As she made her way back to their empty bedroom Anna fixated on his words. Mi familia. How far did his idea of family extend? Did he mean to honor the memories of Jude and Layla? Her long deceased mother? Those particular memories hurt. Layla had always been the favorite and the hand off of their brand and business to Jude made the point abundantly clear. He'd even taken the Heartfilia name with no protest – something Anna had never even considered asking Acnologia to do.

When Jellal was born, looking exactly like his father, Anna felt even more of an outsider in her childhood home. On his tenth birthday, Acnologia solidified the distance when he bestowed upon their son marks of a family and culture he'd never seen or been a part of. Anna still had misgivings over the tattoo. It singled him out in a way she knew he'd grown to dislike. Lucy, of course, looked exactly like a Heartfilia right down to the blonde hair and brown eyes. Thankfully, the family matriarch hadn't ever played favorites with her grandchildren the way she did her daughters.
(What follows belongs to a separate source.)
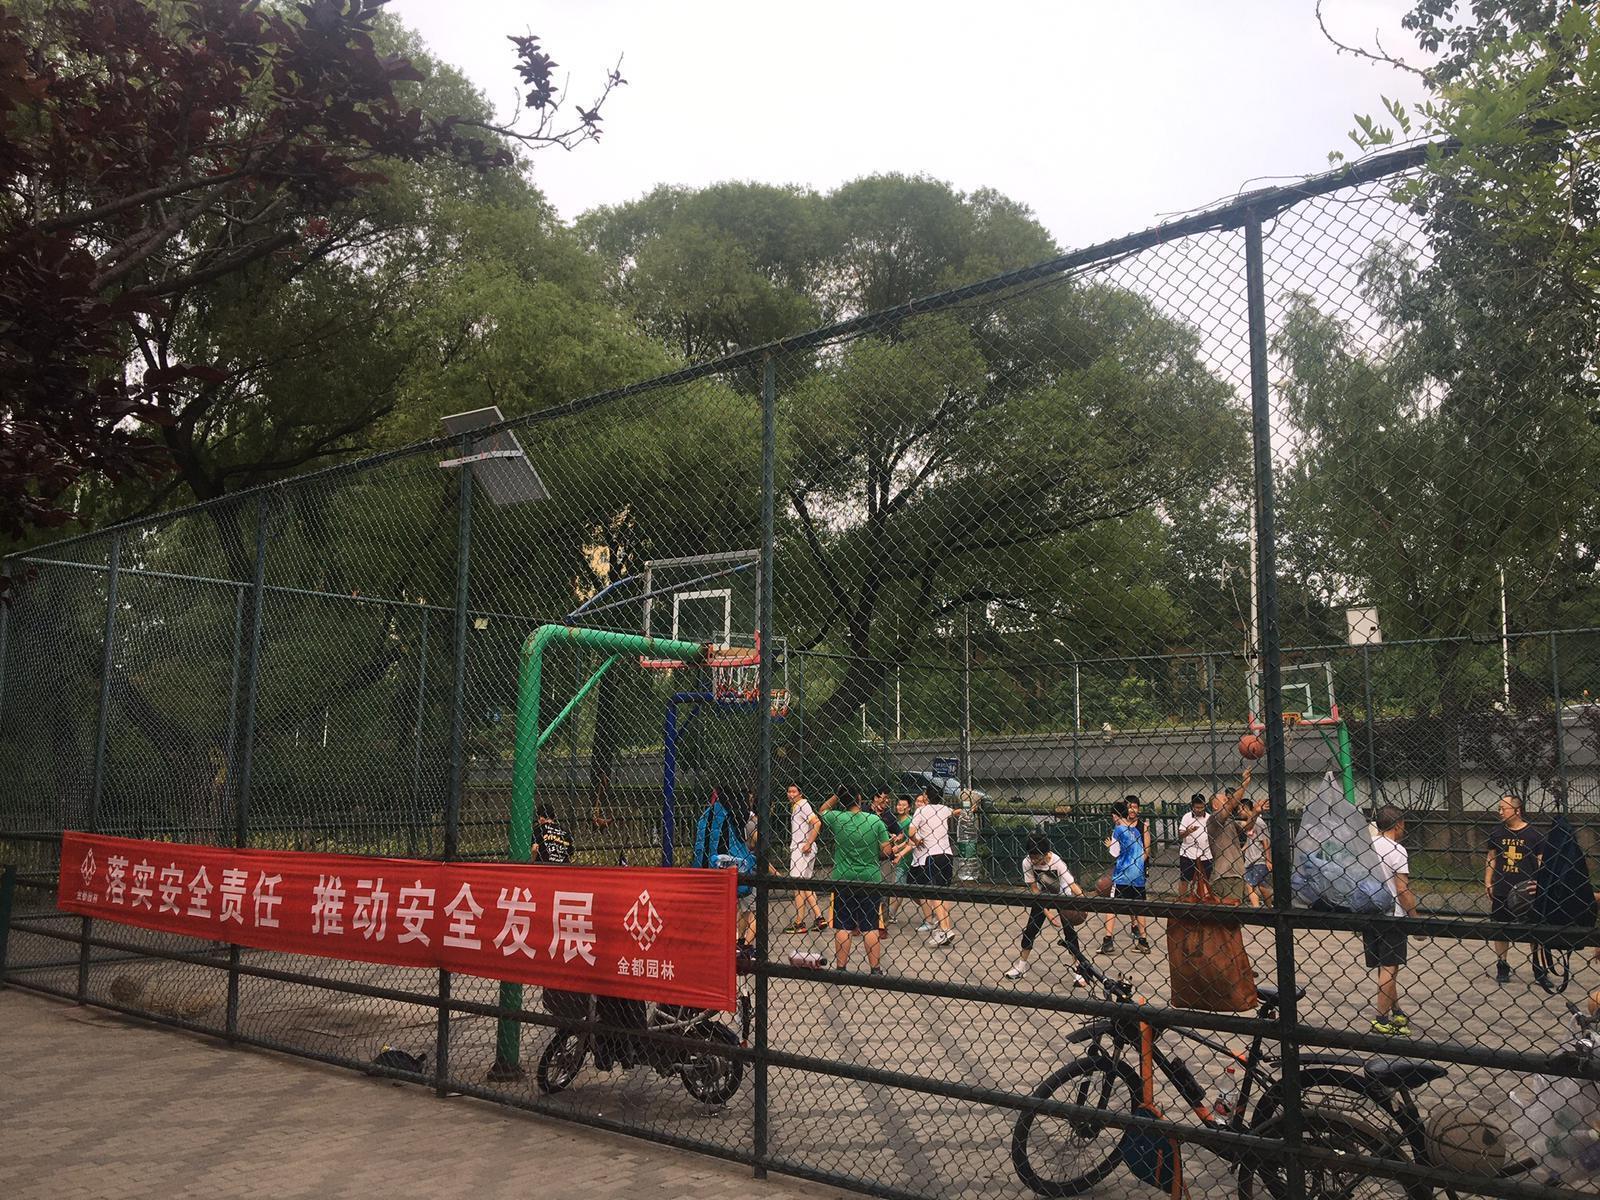 Photo épisode 1 Pékin (serie basket)

After a long battle with chronic illness, the elder Heartfilia was laid to rest in the ostentatious manner expected from a family as old as theirs. Once the pageantry was behind them, Jude carried on as if there wouldn't be any discussion in how Love and Lucky was run. Despite Acnologia handling nearly all of the international trade negotiations and acquisitions personally, Jude disregarded most of his opinions. Anna didn't truly conceptualize the gap between her husband and brother-in-law until she realized how deep the hypocrisy went. The Heartfilia machine had gummed its cogs with dirty oil, and Anna's head was filled with doubt.

She didn't want to think of Jude using Acnologia to do the work he wouldn't dirty his own hands with to keep them in the black. She didn't want to think of Acnologia becoming impatient and resentful to the point of perhaps tossing a match inside a theater. Of course, before two weeks ago she hadn't wanted to think of organizing another funeral – this time for her sister and brother-in-law. The passage of time had a way of forcing a person's hand.